Families, friends, teachers, neighbors and community supporters turned out Thursday to spend the afternoon with the kids of Project Help, Rutherford County’s only community- and center-based program serving very young children, including those with special needs.

The festival, enhanced by the breezy October blue skies, welcomed dozens of visitors with snacks, games and the MTSU Dairy’s always-crowd-pleasing chocolate milk. Several members of the Blue Raider football team and coaches took a break from practice to carve pumpkins, and Brad Hopkins, a former Tennessee Titan and current sports radio host, stopped by for a quick visit with the Project Help kids, too.

“The goal is to provide our children and their families with an afternoon filled with free, fun and fabulous fall festivities,” said Director Susan Waldrop. “The weather’s cooperated beautifully and we’ve all been having a great time!”
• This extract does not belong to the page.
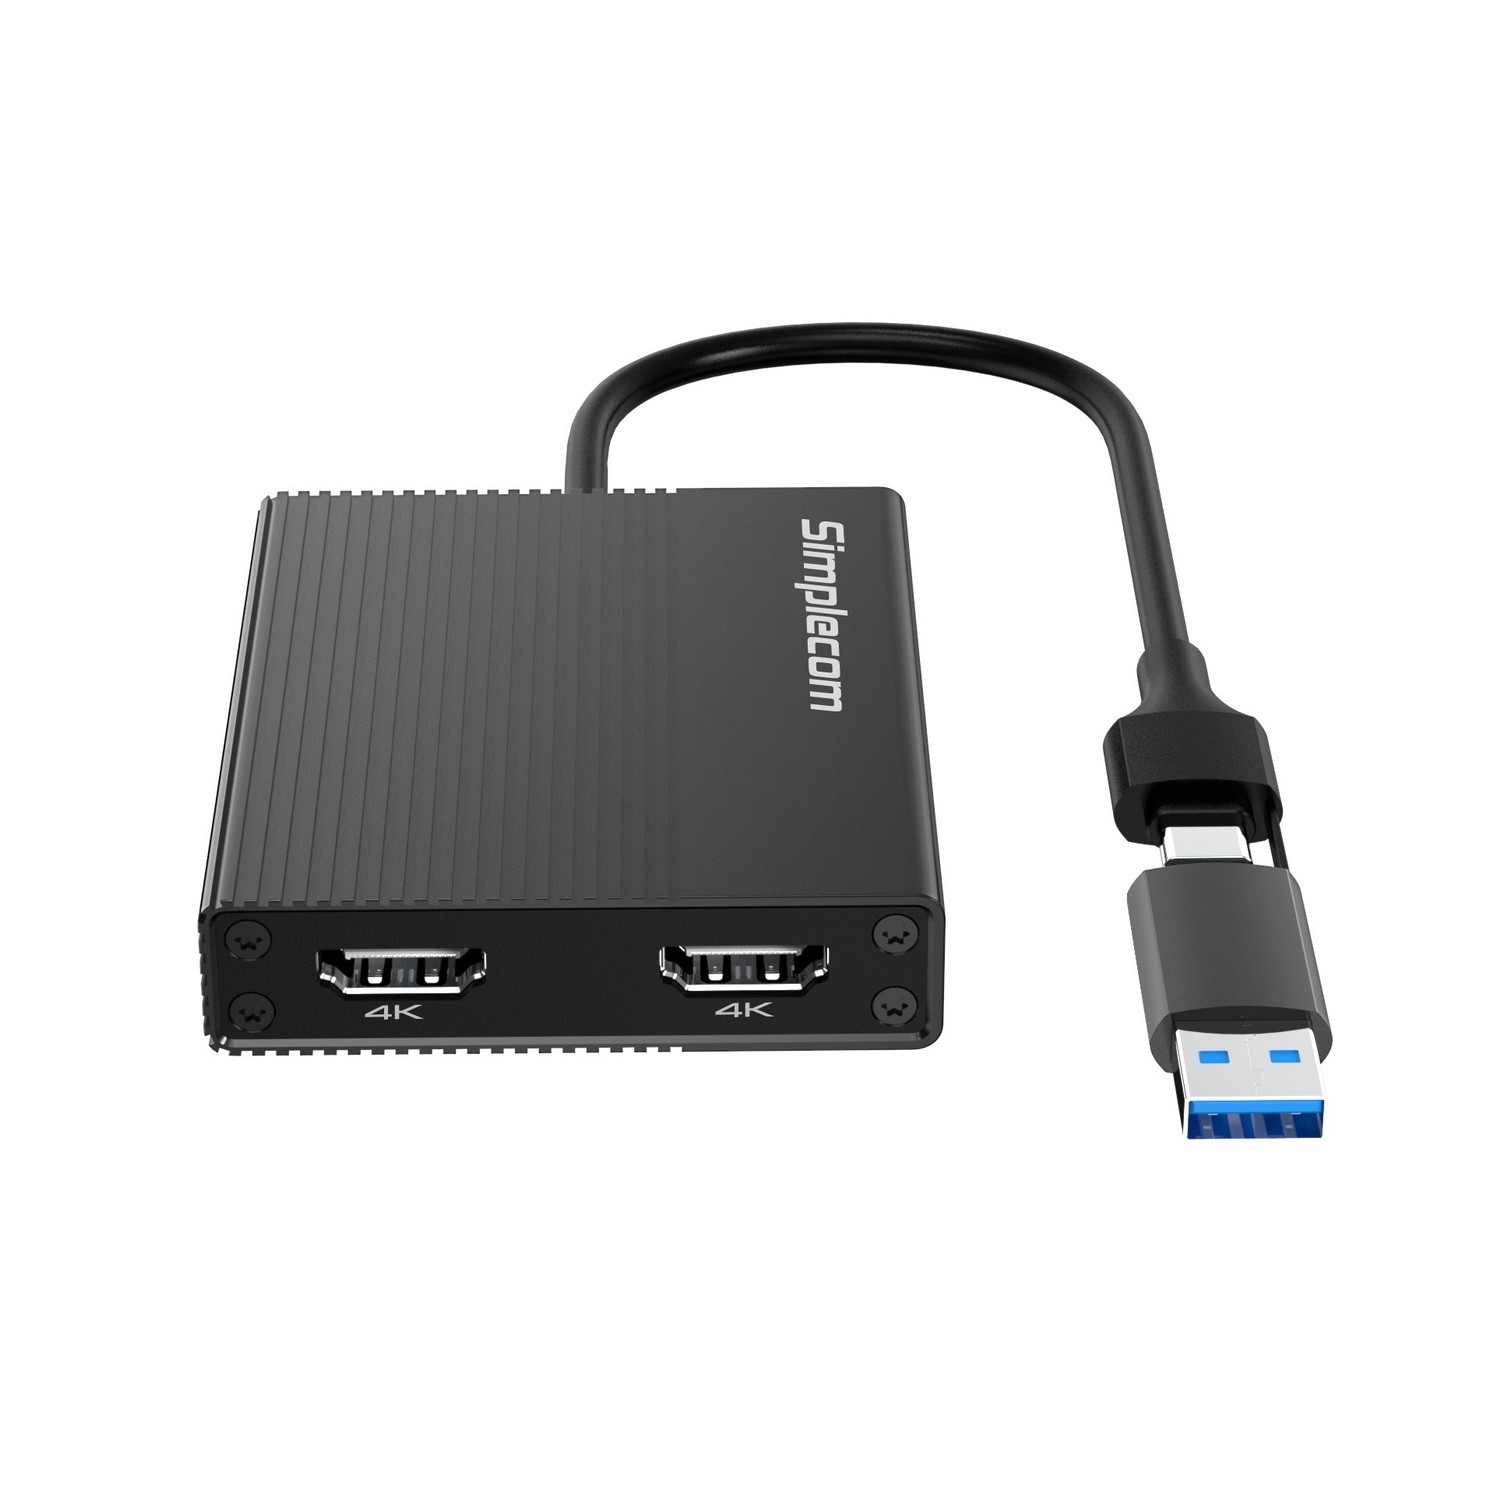 Simplecom DA369 USB 3.0 or USB-C to Dual 4K HDMI 2.0 Display Adapter for 2x 4K@60Hz Extended Screens

Founded in 1983, the nonprofit Project Help provides free early-intervention and family-support services to toddlers with disabilities and developmental delays. It currently serves 68 children, including 45 with special needs.

Project Help’s progressive preschool serves children from 15 months to 3 years old. The new “Project Help Prep” for children ranging from 3 years old to kindergarten currently offers a half-day, tuition-only program four days a week.

The center’s staff, which includes more than 150 student volunteers each semester, works with parents through family-support programs that include workshops, one-to-one interactions and informal training seminars.

For more details about Project Help and its services, visit www.mtsu.edu/ProjectHelp.

— Gina E. Fann (Gina.Fann@mtsu.edu)

A bouncy castle slide brings out the giggles at Project Help’s Family Fall Festival Oct. 18.

A pair of Project Help supporters, disguised as SuperDad and SuperKid, frost some supercookies at the 2012 Family Fall Festival.

MTSU Blue Raider Zachary Lopez, left, applies his artistic skills to a Project Help pumpkin as teammate Aaron Davis offers suggestions and fellow Blue Raider Carlos Lopez, center, holds up his finished work at the Family Fall Festival.